* _DATA SECTION_:

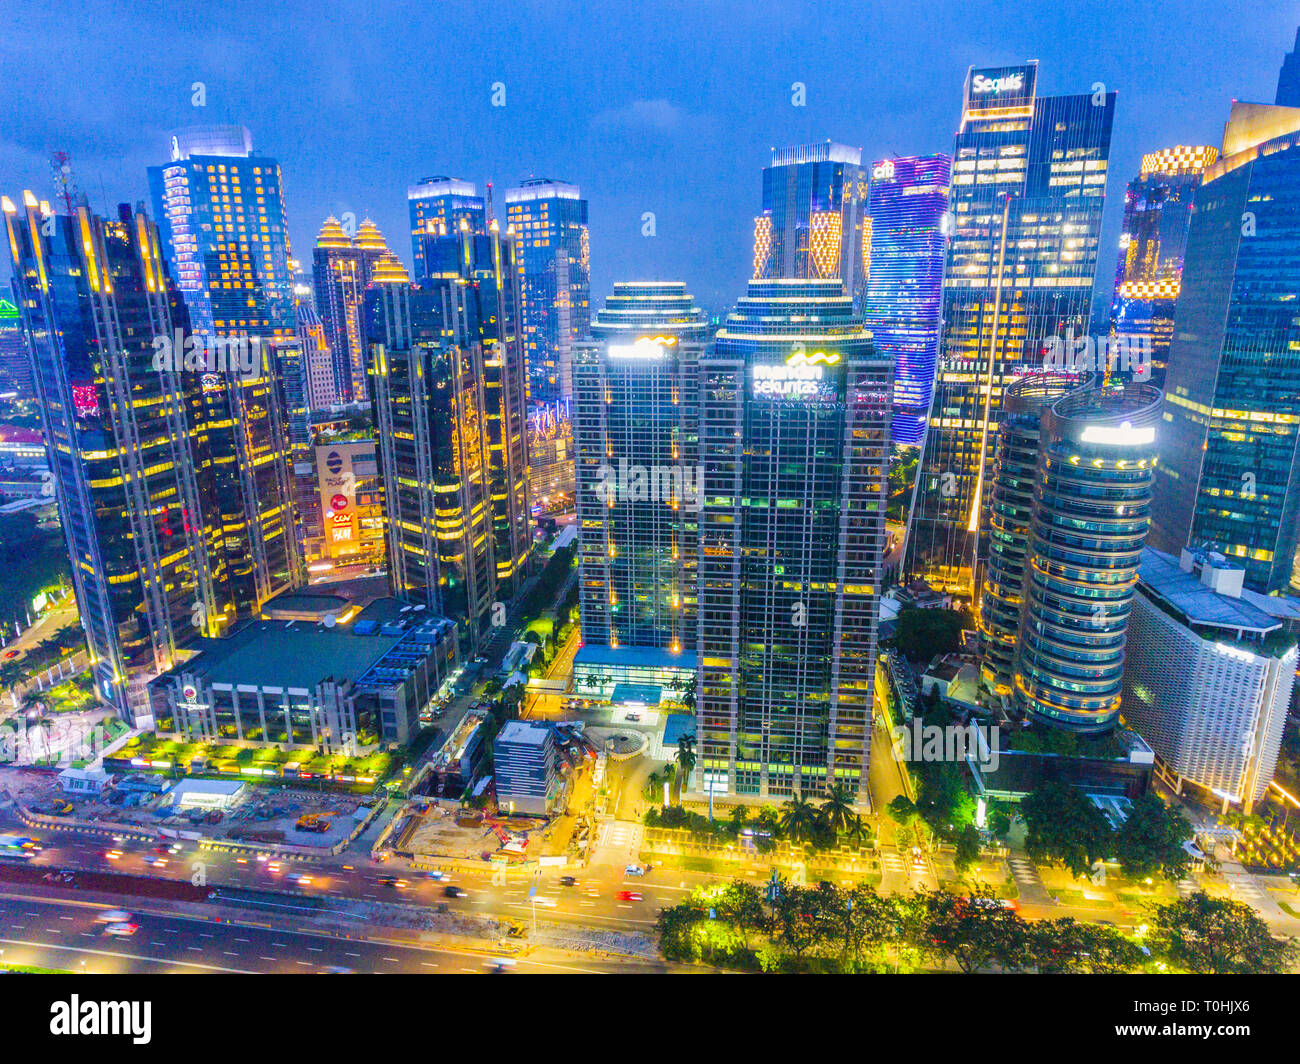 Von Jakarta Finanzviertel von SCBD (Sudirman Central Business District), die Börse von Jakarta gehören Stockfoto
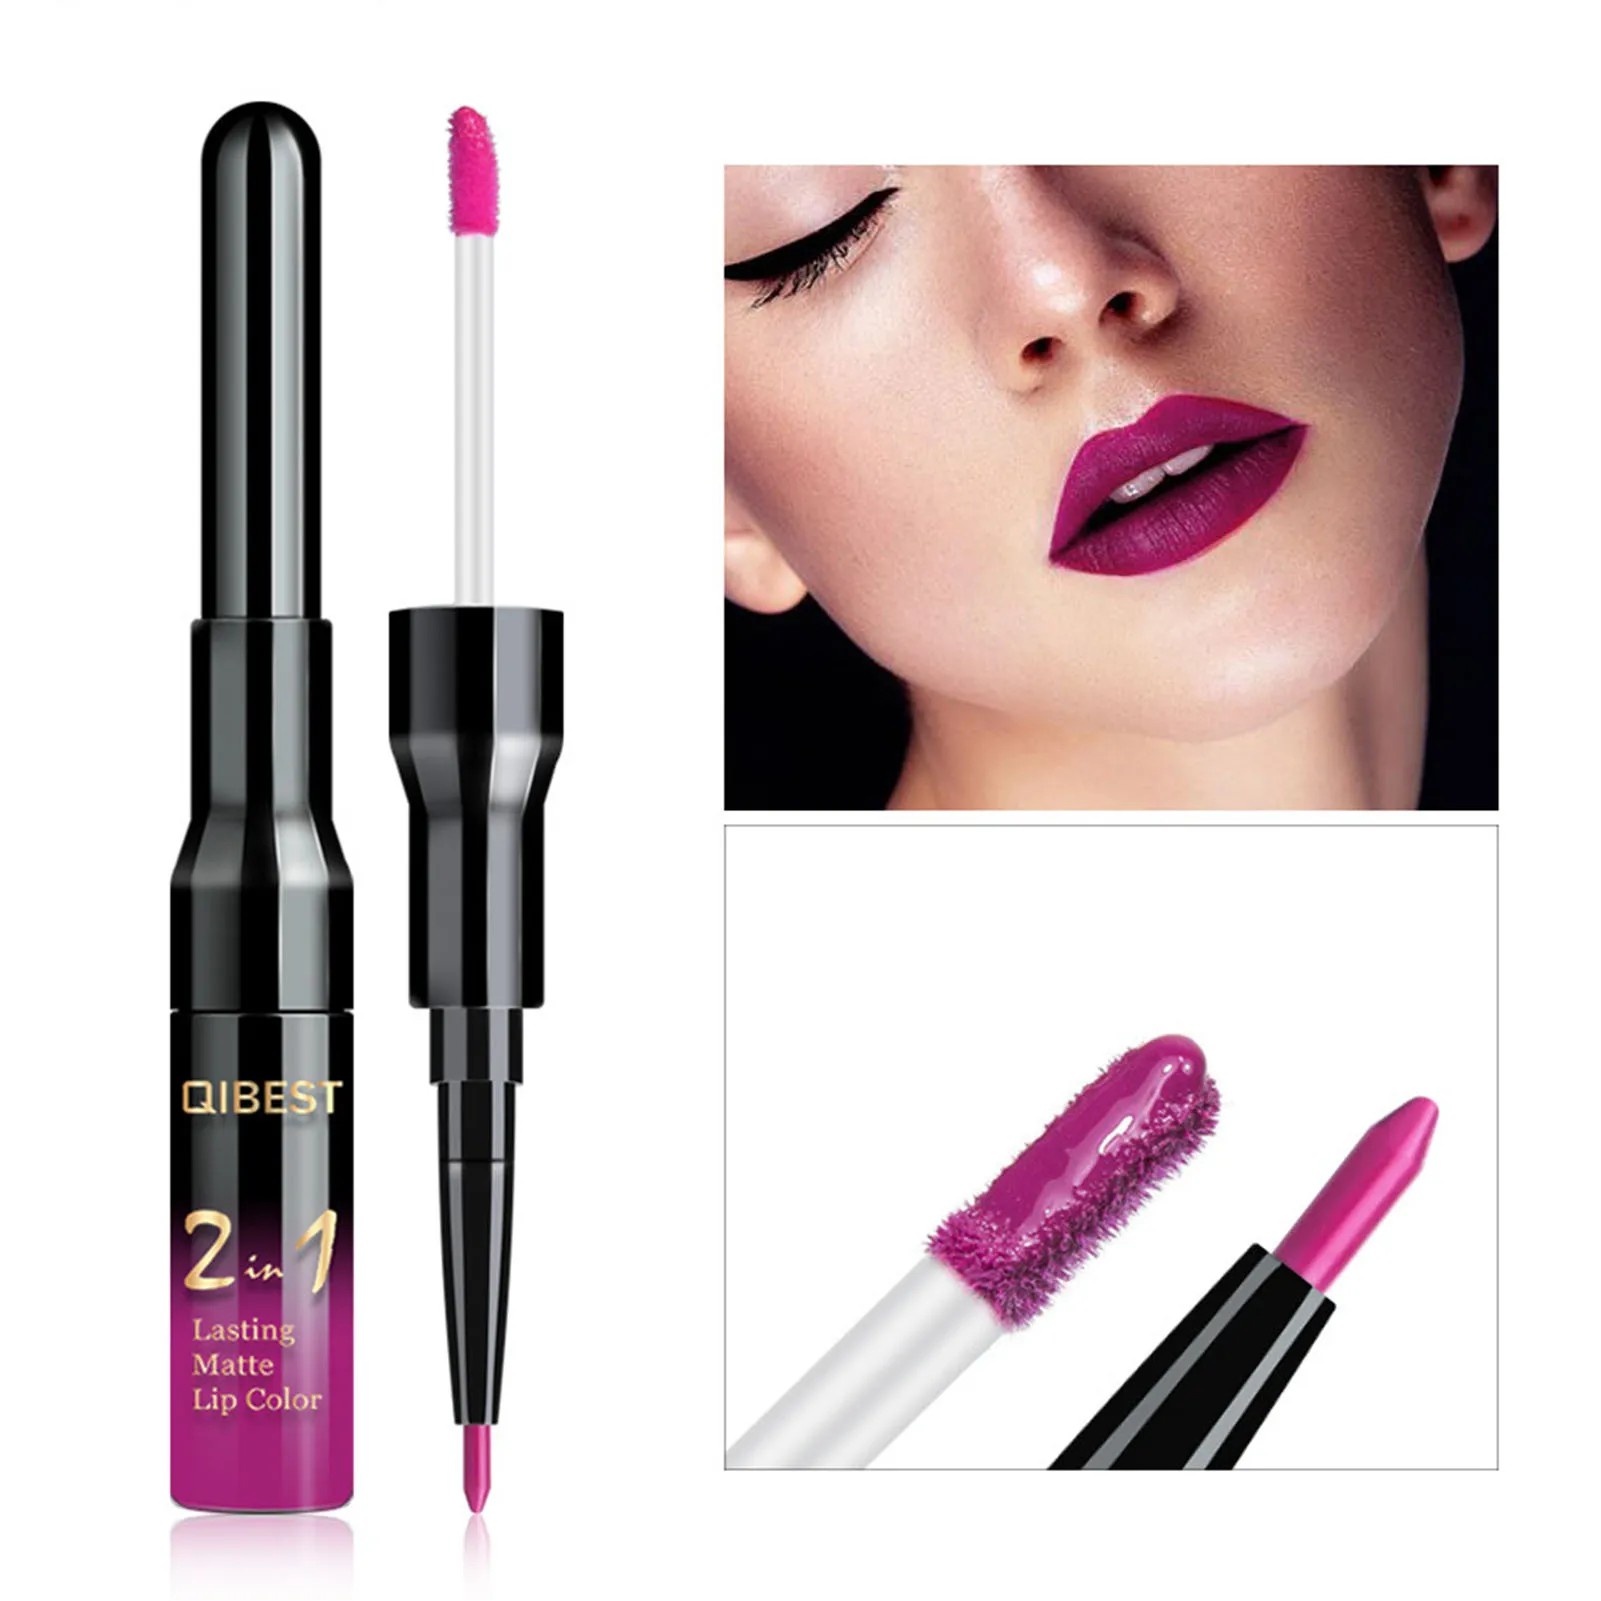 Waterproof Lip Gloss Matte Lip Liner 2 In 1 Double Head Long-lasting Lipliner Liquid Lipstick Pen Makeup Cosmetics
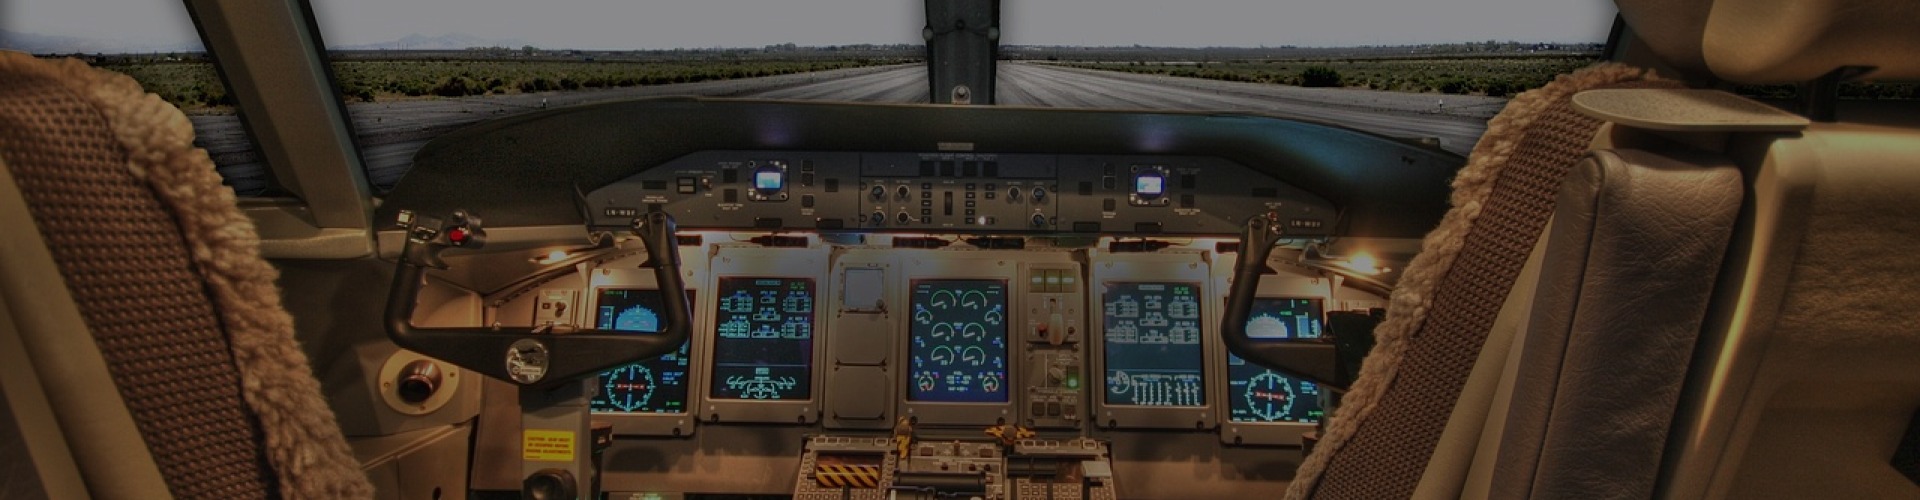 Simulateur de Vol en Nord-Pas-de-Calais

* _YOUR TASK_: Please return the full listing exactly as given, with the images left out.

* _RESPONSE TO THE TASK_:
 Von Jakarta Finanzviertel von SCBD (Sudirman Central Business District), die Börse von Jakarta gehören Stockfoto
 Waterproof Lip Gloss Matte Lip Liner 2 In 1 Double Head Long-lasting Lipliner Liquid Lipstick Pen Makeup Cosmetics
 Simulateur de Vol en Nord-Pas-de-Calais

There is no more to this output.